Good Omens – Serie

Es gibt schon eine Reihe von Terry Pratchett Verfilmungen und wenn man seinen Stil in den Büchern mag, kann man sich auch immer auf die Filme einlassen. Ob der Hogfather oder natürlich vor allen The Color of Magic. Und nun die Verfilmung von einem der Bücher, bei dem ich so meine Schwierigkeiten hatte: Good Omens.

„Ein gutes Omen. Die freundlichen und zutreffenden Prophezeiungen der Hexe Agnes Spinner“ bildet die Grundlage der Serie und wurde von Terry Pratchett zusammen mit Neil Gaiman verfasst. Das hatte mich seinerzeit als ich das Buch gelesen hatte etwas verwirrt, denn warum sollte ein toller Autor wie Pratchett Hilfe von jemand anderem benötigen? Damals kannte ich allerdings Neil Gaiman noch nicht, dessen Bücher und Comics ich mittlerweile sehr gerne lese. Das Buch fiel also aus dem Rahmen und war ja auch kein Scheibenwelt Roman und von daher für mich nie so wichtig.

Umso besser, dass es nun verfilmt wurde und in einer Mini-Serie in sechs Folgen die Geschichte erzählt, wie der Engel Erziraphhael und der Dämon Crowley durch ihre tollpatschigen Versuche das richtige zu tun, tatsächlich die Welt retten.
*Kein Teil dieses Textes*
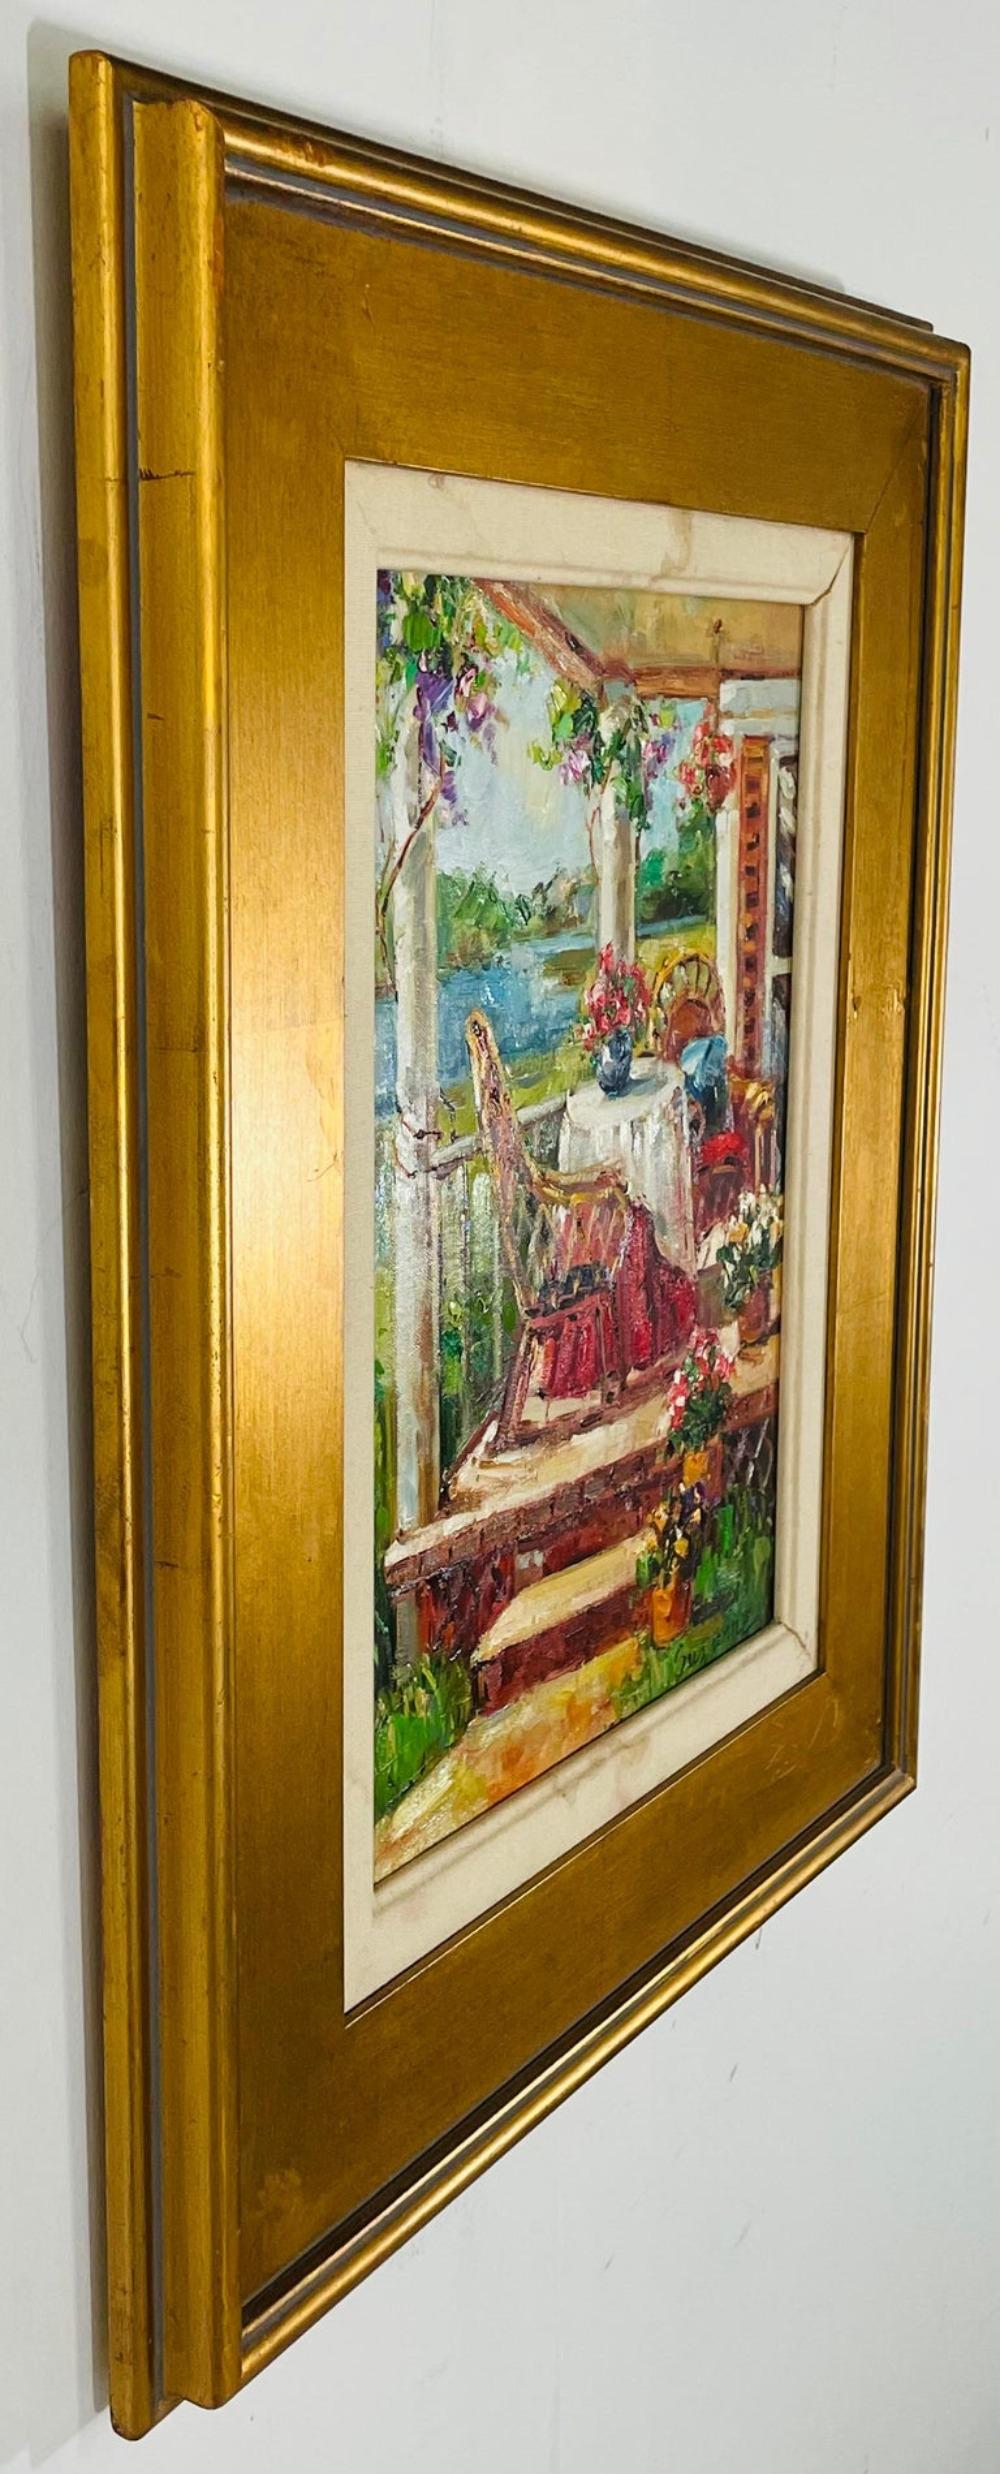 Vintage Oil on Canvas Painting of a Home Porch Signed by Artist in Gilt Frame - Brown Landscape Painting by Unknown

Denn der Sohn des Bösen wächst auf der Erde auf und sobald er alt genug ist, werden die vier Reiter der Apokalypse kommen und den Untergang der Welt vorbereiten, der durch die Schlacht zwischen Dämonen und Engeln stattfinden soll. So wollen es jedenfalls die Chefs der jeweiligen Parteien, denen die Menschheit mal so ziemlich egal ist.

Also bleibt es eben an Erziraphael und Crowley hängen, das Richtige zu tun. Und weil sie nun schon seit 6000 Jahren durch die Geschichte der Welt tingeln, immer nahe beieinander, bekommen sie das auch hin.

Eine gute Serie, wenn sie auch etwas langsam anfängt. Dafür sind die letzten beiden Folgen allemal das Ansehend er ersten vier wert.